Integrating Health Care Systems to Save Lives
Benta and Ezekiel Awino have brought their nine month old baby, Ronny, to Rongo District Hospital in Western Kenya for an HIV test. Here, Benta, who is living with HIV, has received quality care throughout her pregnancy. Now, both she and her baby return to the same centre for appointments to address the gamut of health concerns common to the region, including malaria, TB, HIV and malnutrition.
This kind of integrated health care model is now becoming the norm in the district. Up until recently, families like the Awino’s, who are living with HIV, went to one facility for HIV care and treatment, another facility for prenatal care, another clinic for their baby’s routine health and yet another clinic for any illnesses.
As a result, a child who was not thriving because of underlying HIV and arrived at the sick baby clinic was unlikely to be tested because the facility was not an HIV clinic. Keep in mind, the journey to the clinics is almost always arduous and the likelihood that women return, or come at all, cannot be taken for granted.
Healthy women and healthy babies build healthy communities. We all know this. But we also know that many of the systems in place to keep women and children healthy are fragmented and don’t adequately address the needs of those they serve.
These are the glaring inefficiencies we have considered this week at the Forum of the Partnership on Maternal and Newborn and Child Health in Johannesburg, South Africa.
Simple solutions to align ‘service delivery entry points’ within larger systems could make a huge difference to mothers, to children’s health, and to a more productive society.
Integrated packages of care save lives by strengthening systems to identify and address potential problems and to intervene early. Combining interventions for women and children in the same place, through reproductive, maternal, newborn and child health services as well as infant feeding/nutrition and early childhood services can address critical gaps and create synergies in service delivery. Such interventions include those related to HIV, TB, malaria, syphilis, pneumonia, diarrhea and malnutrition.
The Double Dividend is one example of an initiative designed to improve maternal and child survival by aligning reproductive, maternal, newborn and child health services, as well as nutrition and HIV related services.
Infants born to untreated HIV-positive mothers, whether living with HIV or not, can have a higher risk of dying than infants who are not exposed to HIV, just as untreated HIV-positive pregnant adolescents and women have an increased risk of dying in pregnancy or child birth.
Pregnant women are much more likely to visit a clinic for antenatal care, just as infants do for immunization and sick visits. We need to seize these precious opportunities to care for the children and their mothers holistically.
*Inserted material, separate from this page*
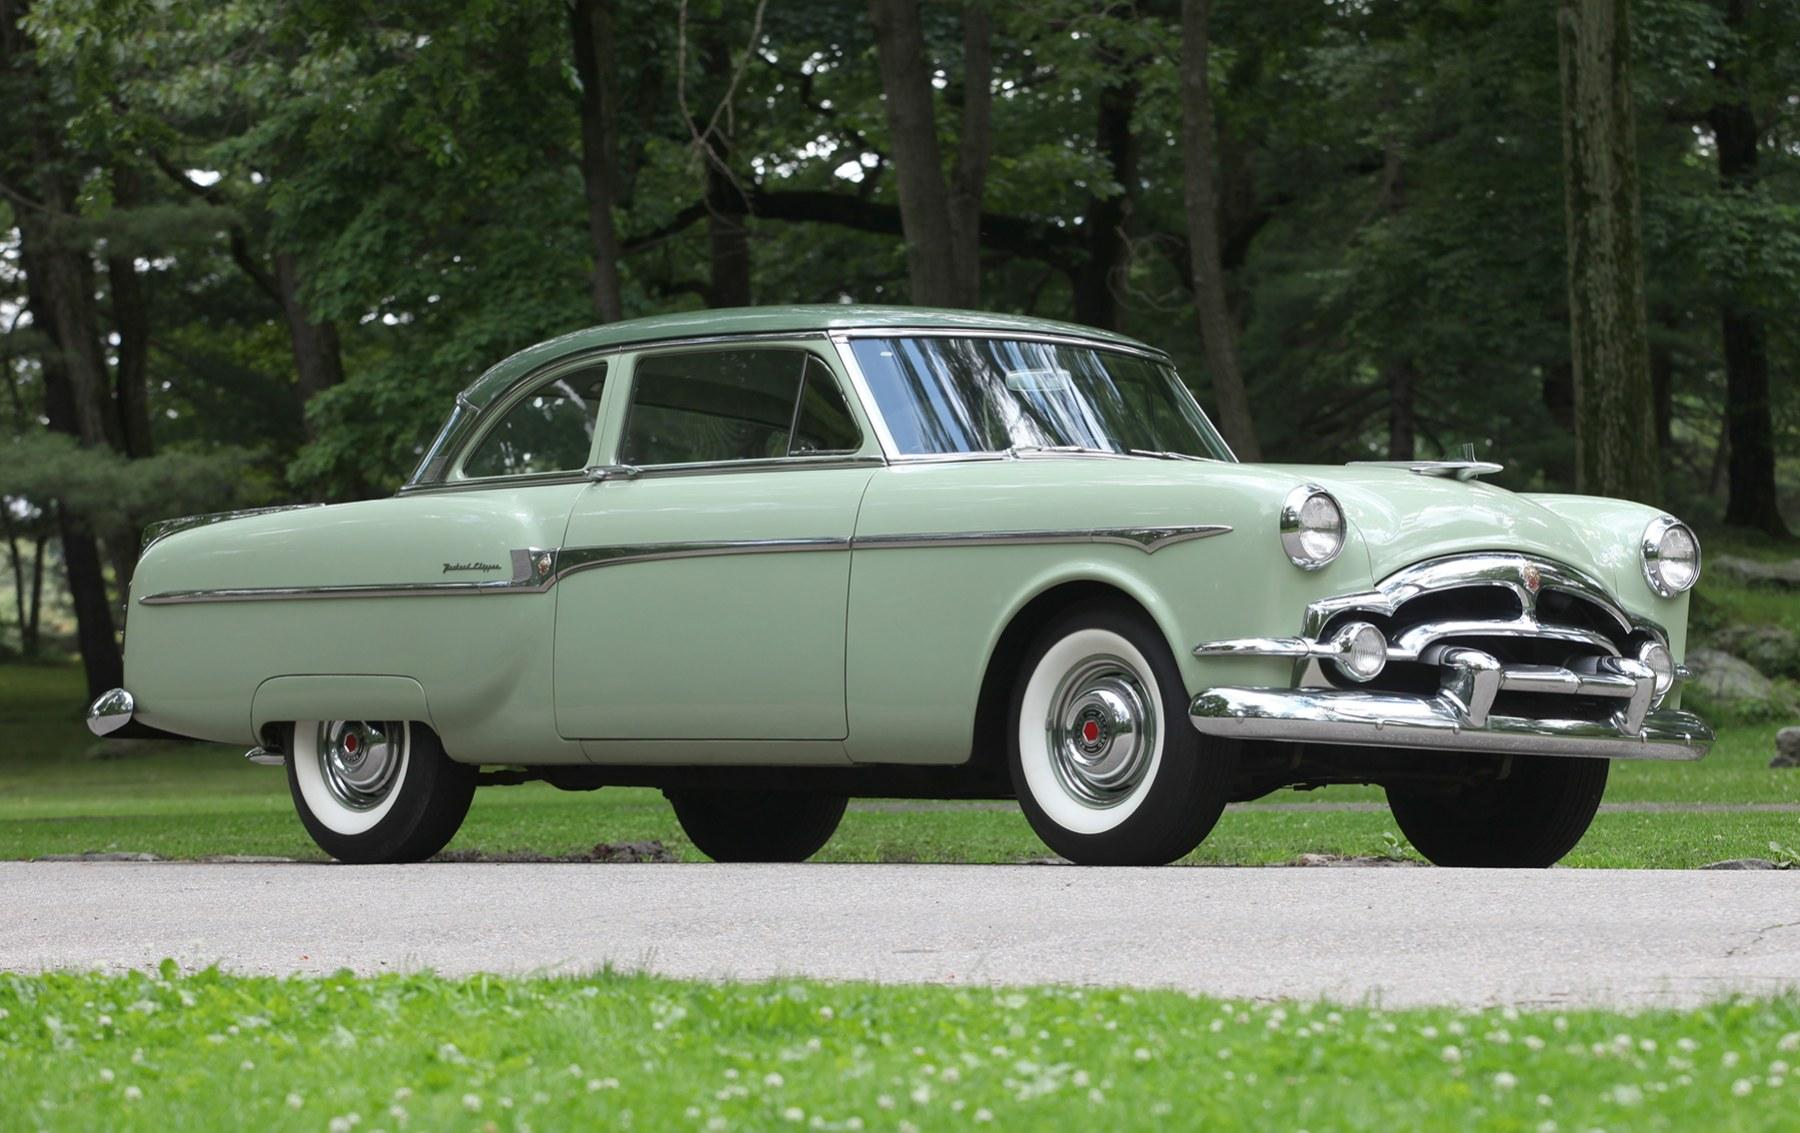 1953 Packard Clipper Deluxe Club Sedan

Good opportunities to improve linkages between maternal, newborn, child health services to address key diseases and conditions include:
- Linking staff training for various services to integrate service delivery and management
- Interconnecting public information about services
- Using many different types of services as opportunities to reach families, and
- Promoting community outreach and support systems.
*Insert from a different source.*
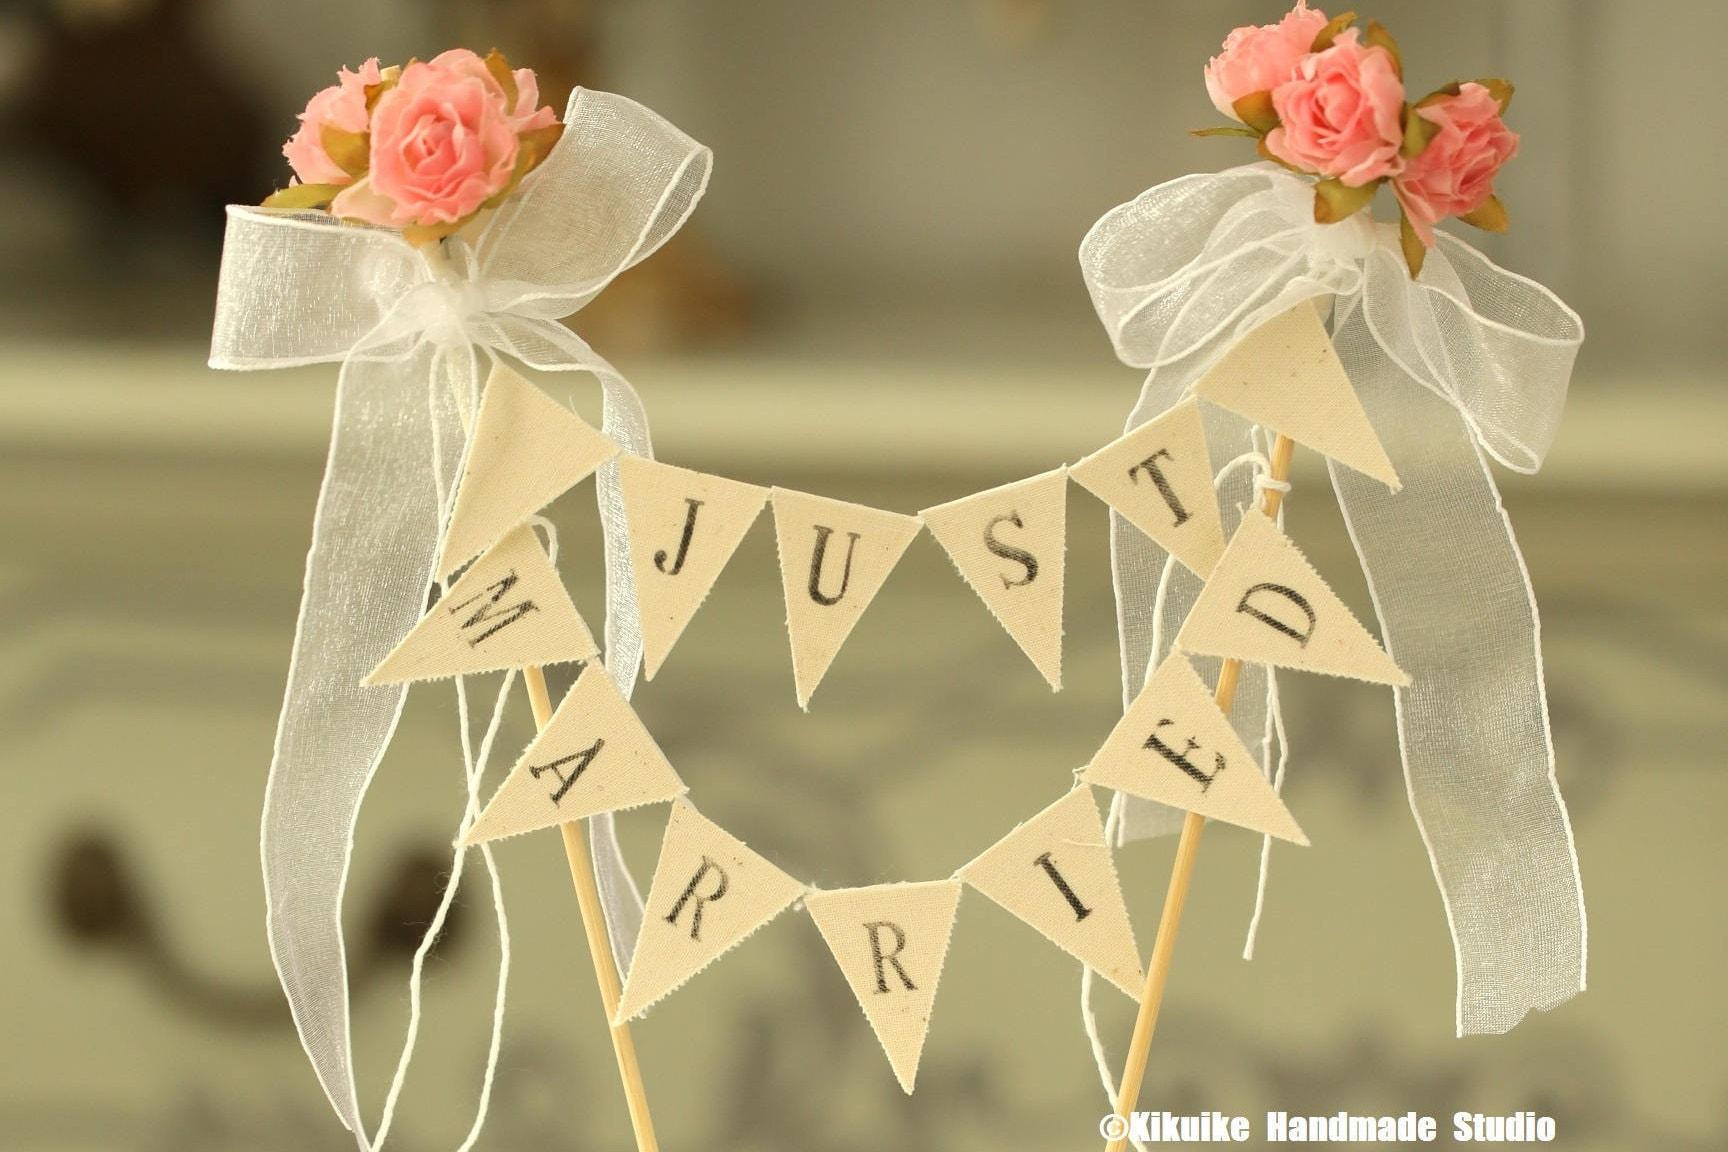 Just Married Wedding Cake Banner,Flower Cake bunting,Rustic Wedding ...

This not only will save lives like those of Benta and Ronny, it will also save money. The goal is to yield benefits in terms of the health of both mothers and their children through high quality and efficient interconnected systems which promote human rights and accountability.
No matter how you look at it, this way ahead is a win-win.
Dr. Chewe Luo is a senior adviser for HIV with UNICEF in New York. She has previously served with UNICEF as HIV regional adviser for Eastern and Southern Africa in Nairobi and as HIV technical adviser in Botswana. Earlier in her career, she worked as a pediatrician at the University Teaching Hospital in Zambia.